Will AI Age?
Artificial intelligence (AI) has long been celebrated as a transformative force, with tools like chatbots and large language models (LLMs) playing a crucial role in simplifying complex diagnoses, coding solutions, and more.
However, what if AI, much like the human brain, begins to show signs of cognitive decline over time?
A study published in the December 2024 issue of the BMJ suggests that leading AI models, particularly in the medical field, may not be as infallible as once thought.
The research revealed that AI technologies, including LLMs and chatbots, experience cognitive decline similar to human aging.
This finding is particularly relevant as reliance on AI for medical diagnoses grows, driven by its ability to simplify complex medical terminology.
The study evaluated the cognitive abilities of top AI models—ChatGPT versions 4 and 4o, Claude 3.5 'Sonnet' by Anthropic, and Gemini versions 1 and 1.5 by Alphabet—using the Montreal Cognitive Assessment (MoCA) test.
The study said:
"Older large language model versions scored lower than their ‘younger’ versions, as is often the case with human participants, showing cognitive decline seemingly comparable to neurodegenerative processes in the human brain."
MoCA Test Used to Detect Cognitive Impairment
The MoCA test, typically used to identify cognitive impairments and early dementia in older adults, was adapted to assess the performance of LLMs in areas such as attention, memory, language, spatial skills, and executive function.
In human subjects, a score of 26 out of 30 is considered indicative of no cognitive impairment.
Among the AI models tested, only ChatGPT 4o met this threshold with a score of 26, while ChatGPT 4 and Claude scored just below, with 25 points.
Gemini 1.0 performed the poorest, scoring only 16 points.
One of the MoCA attention tasks requires participants to tap whenever the letter 'A' is heard in a series of spoken letters.
Given that LLMs lack auditory and motor functions, researchers provided the letters in written form and asked the models to mark 'A' with an asterisk or the word 'tap.'
While some models required explicit instructions, others completed the task autonomously.
Following MoCA guidelines, a score below 26 was considered indicative of mild cognitive impairment.
AI Chatbots Fail to Pass Cognitive Tests
The study highlighted significant weaknesses in the visuospatial skills and executive functions of all tested chatbots, particularly in tasks like the trail-making exercise (connecting encircled numbers and letters in order) and the clock-drawing test (sketching a clock to display a specific time).
Notably, the Gemini models failed to complete the delayed recall task, which requires remembering a sequence of five words.
ChatGPT 4o led with a score of 26 out of 30, while ChatGPT 4 and Claude followed with 25 points each.
Gemini 1.0 scored the lowest at 16, suggesting a higher degree of cognitive impairment.
The study noted:
"None of the chatbots examined was able to obtain the full score of 30 points, with most scoring below the threshold of 26. This indicates mild cognitive impairment and possibly early dementia."

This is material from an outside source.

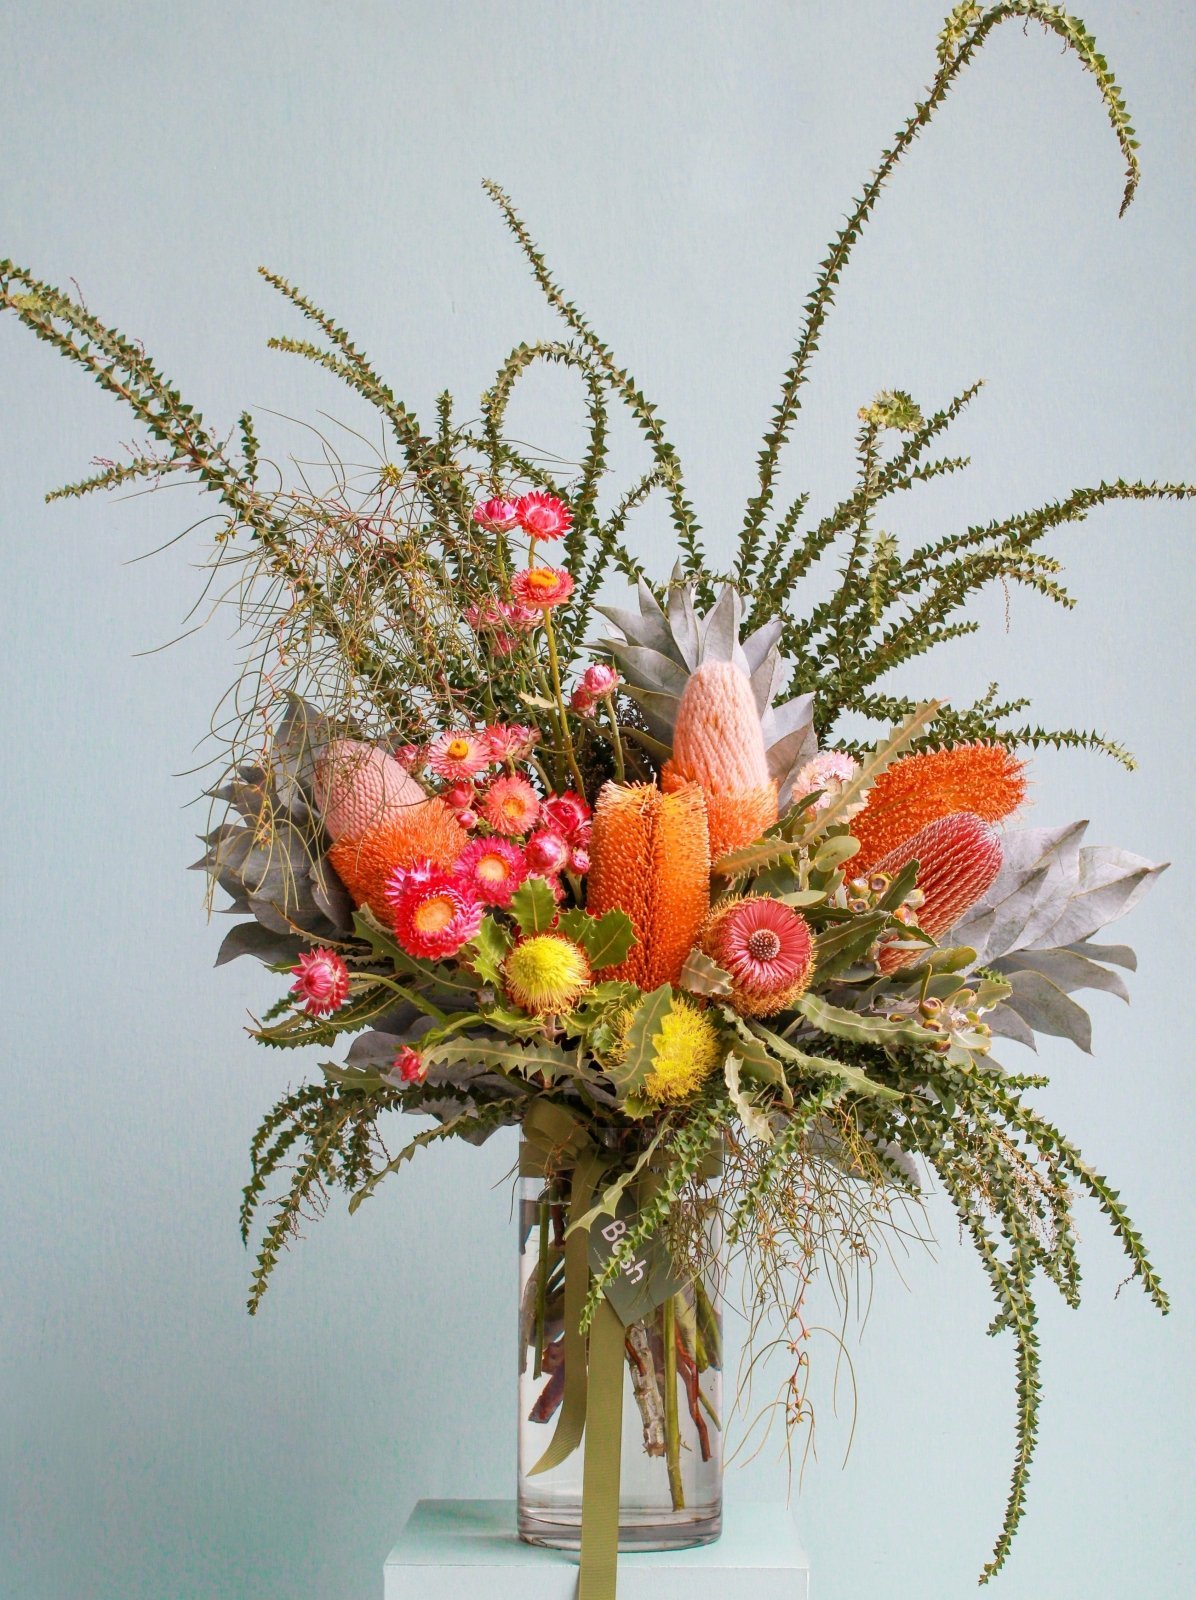 Extra large size bouquet of native flowers in a glass vase

The study found that the cognitive impairments exhibited by these AI models resembled those observed in human patients with posterior cortical atrophy, a form of Alzheimer's disease.
These findings challenge the notion that AI could soon replace human doctors, as the limitations in the chatbots' cognitive abilities may impact their reliability in medical diagnostics and erode patient trust.
While the study concluded that AI is unlikely to replace neurologists anytime soon, it raised the intriguing possibility that medical professionals may soon be tasked with treating a new kind of patient—virtual AI models experiencing cognitive decline.
All is Not Lost, Performance Can Be Enhanced
Although the study acknowledged AI's current cognitive limitations, it also suggested that future advancements could improve performance in tasks involving cognition and visuospatial skills.
However, it emphasized that, despite these potential improvements, the fundamental differences between human and machine cognition are likely to remain.
The study added:
"All anthropomorphised terms attributed to artificial intelligence throughout the text were used solely as a metaphor and were not intended to imply that computer programs can have neurodegenerative diseases in a manner similar to humans."